-- Requirement --
Everything from the line with "1-комн. кв. по" to the end of the data below, both lines included, should be transcribed exactly; please omit the pictures.
◇ ◇ ◇ ◇
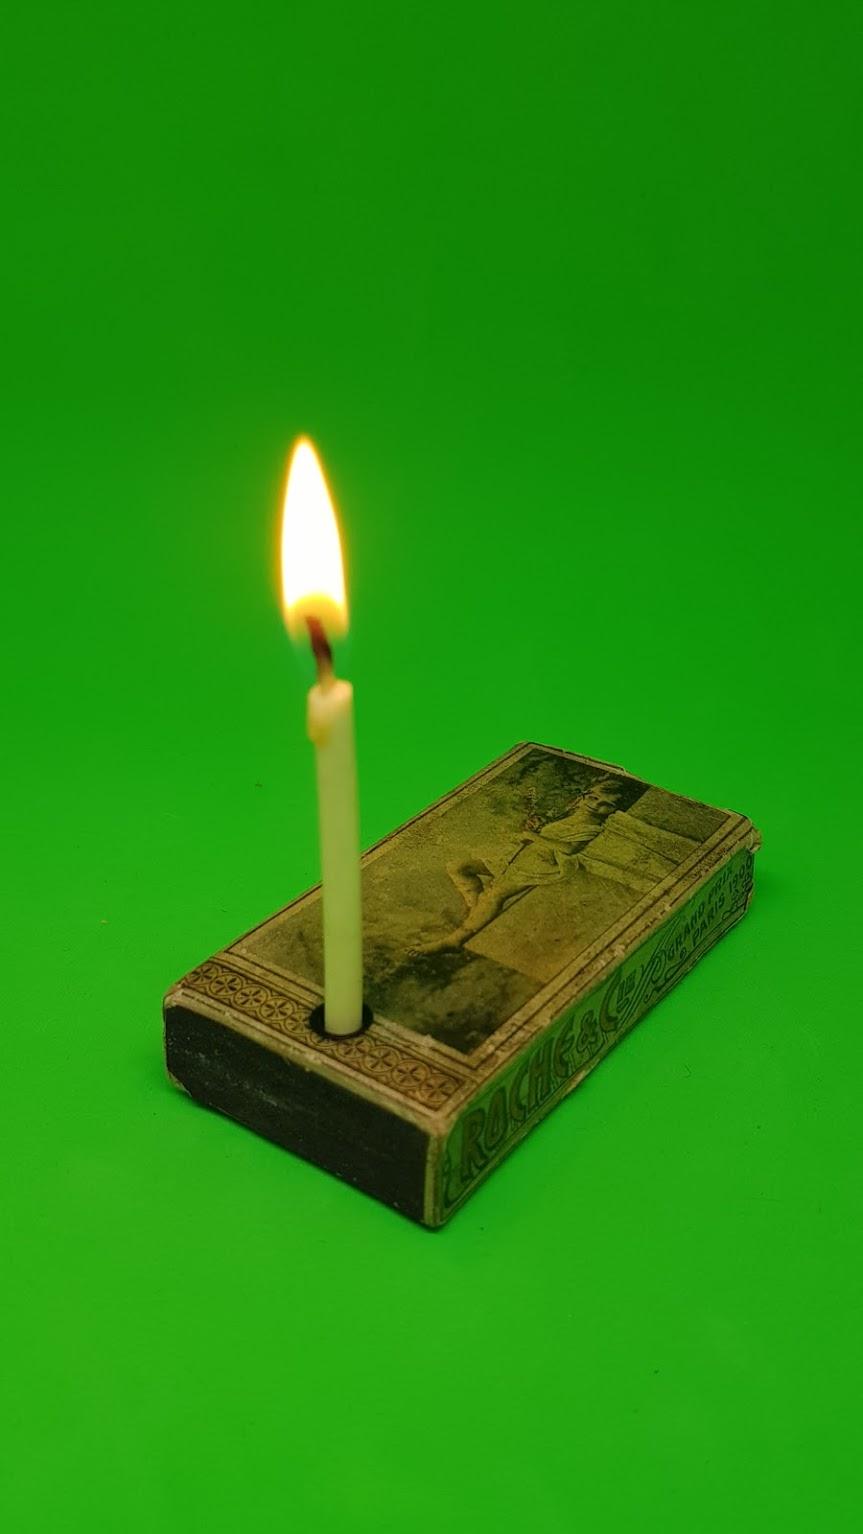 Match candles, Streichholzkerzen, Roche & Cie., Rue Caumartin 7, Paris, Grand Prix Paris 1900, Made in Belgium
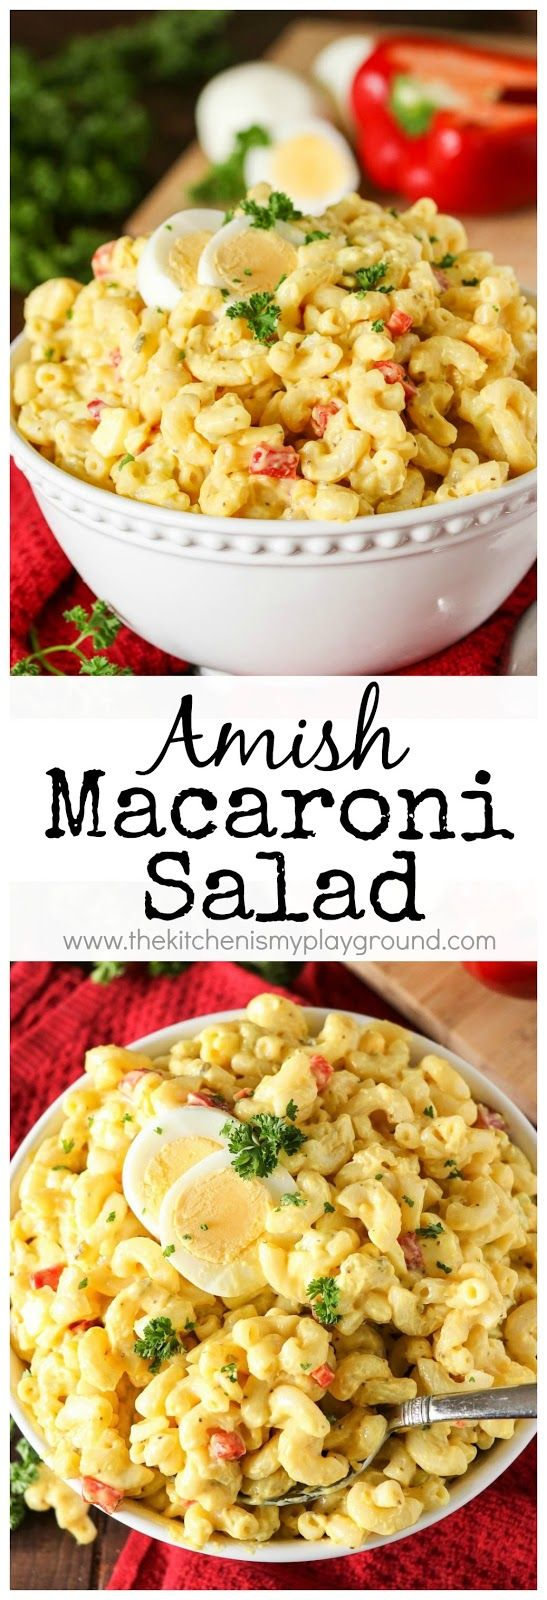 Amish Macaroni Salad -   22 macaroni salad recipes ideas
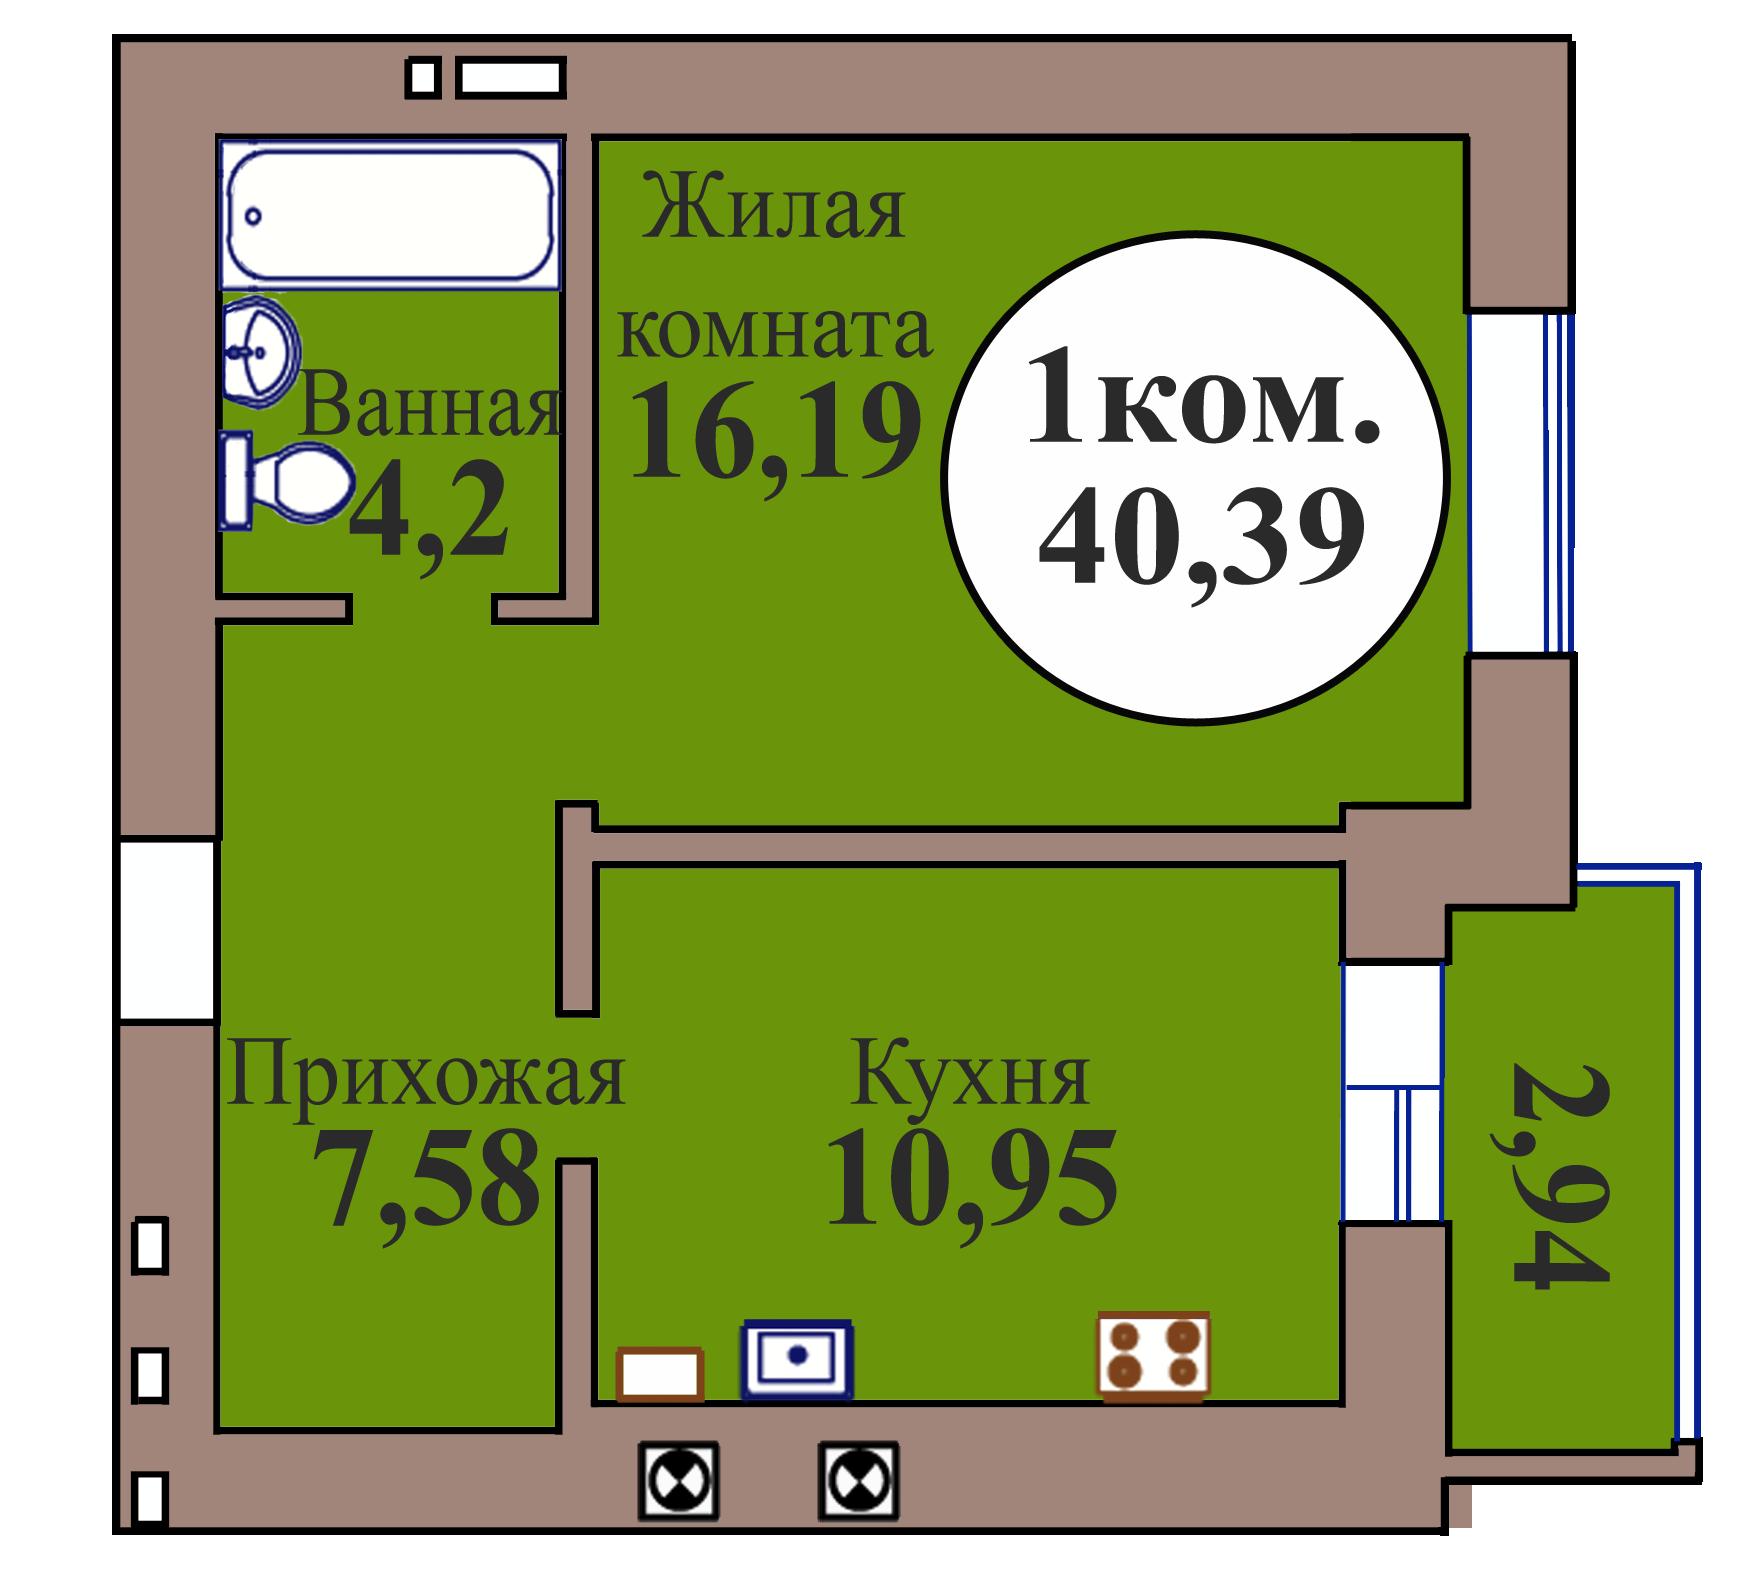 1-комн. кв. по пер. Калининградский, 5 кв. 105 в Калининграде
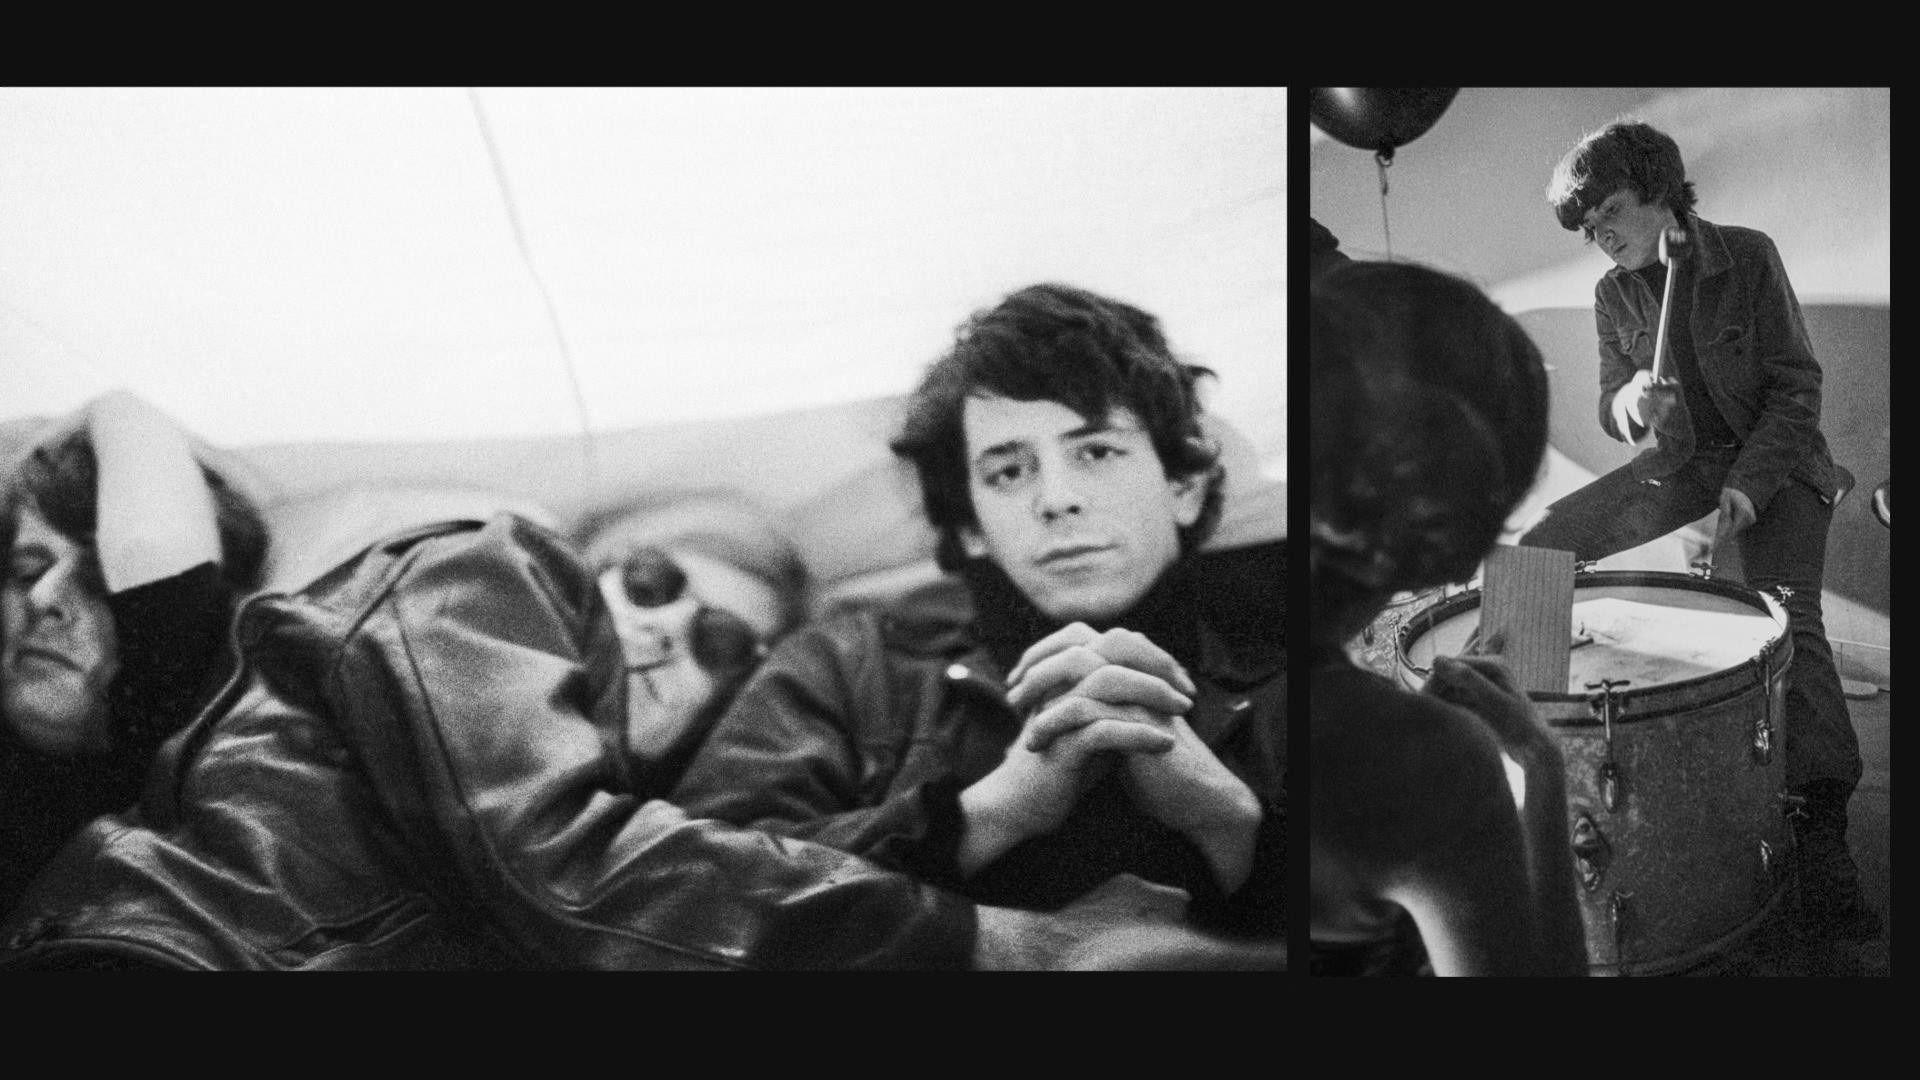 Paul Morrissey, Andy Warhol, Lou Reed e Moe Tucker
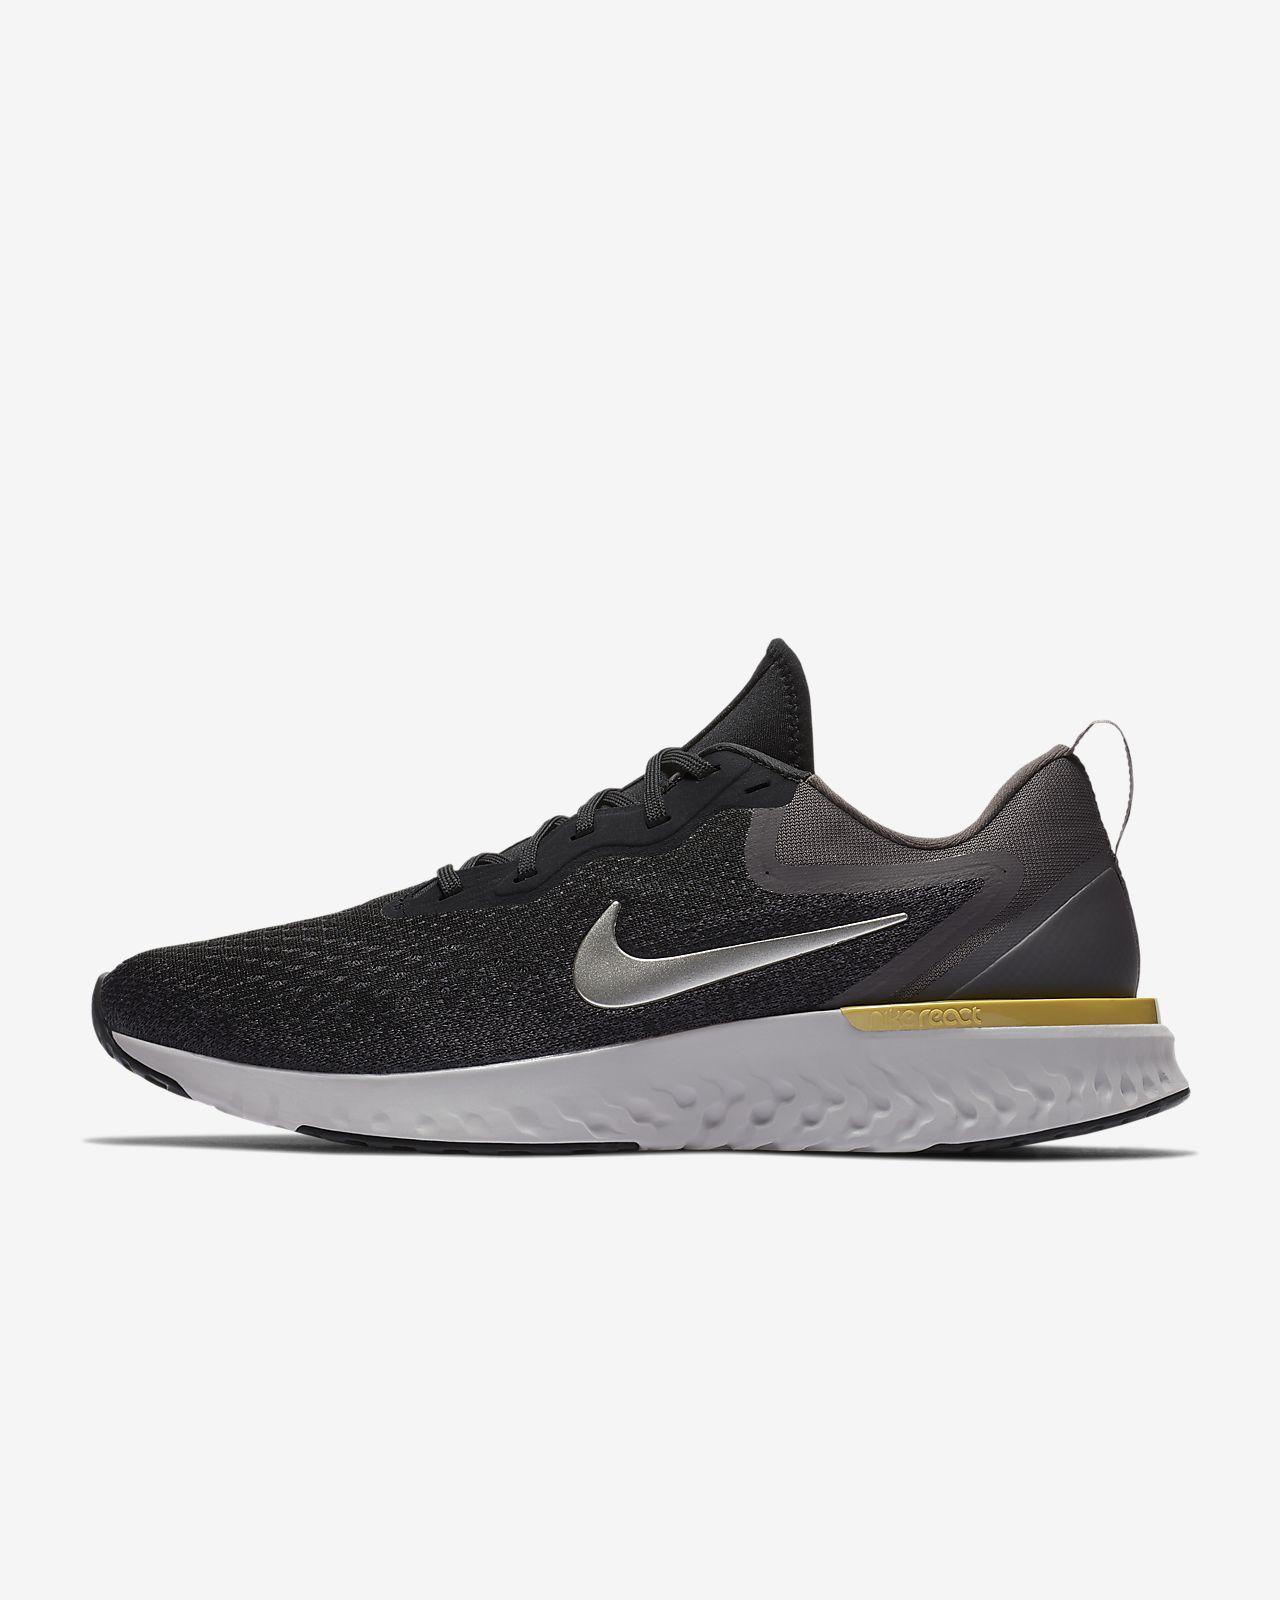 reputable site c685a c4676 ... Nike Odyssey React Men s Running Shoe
◇ ◇ ◇ ◇
-- Exercise answer --
 1-комн. кв. по пер. Калининградский, 5 кв. 105 в Калининграде
 Paul Morrissey, Andy Warhol, Lou Reed e Moe Tucker
 reputable site c685a c4676 ... Nike Odyssey React Men s Running Shoe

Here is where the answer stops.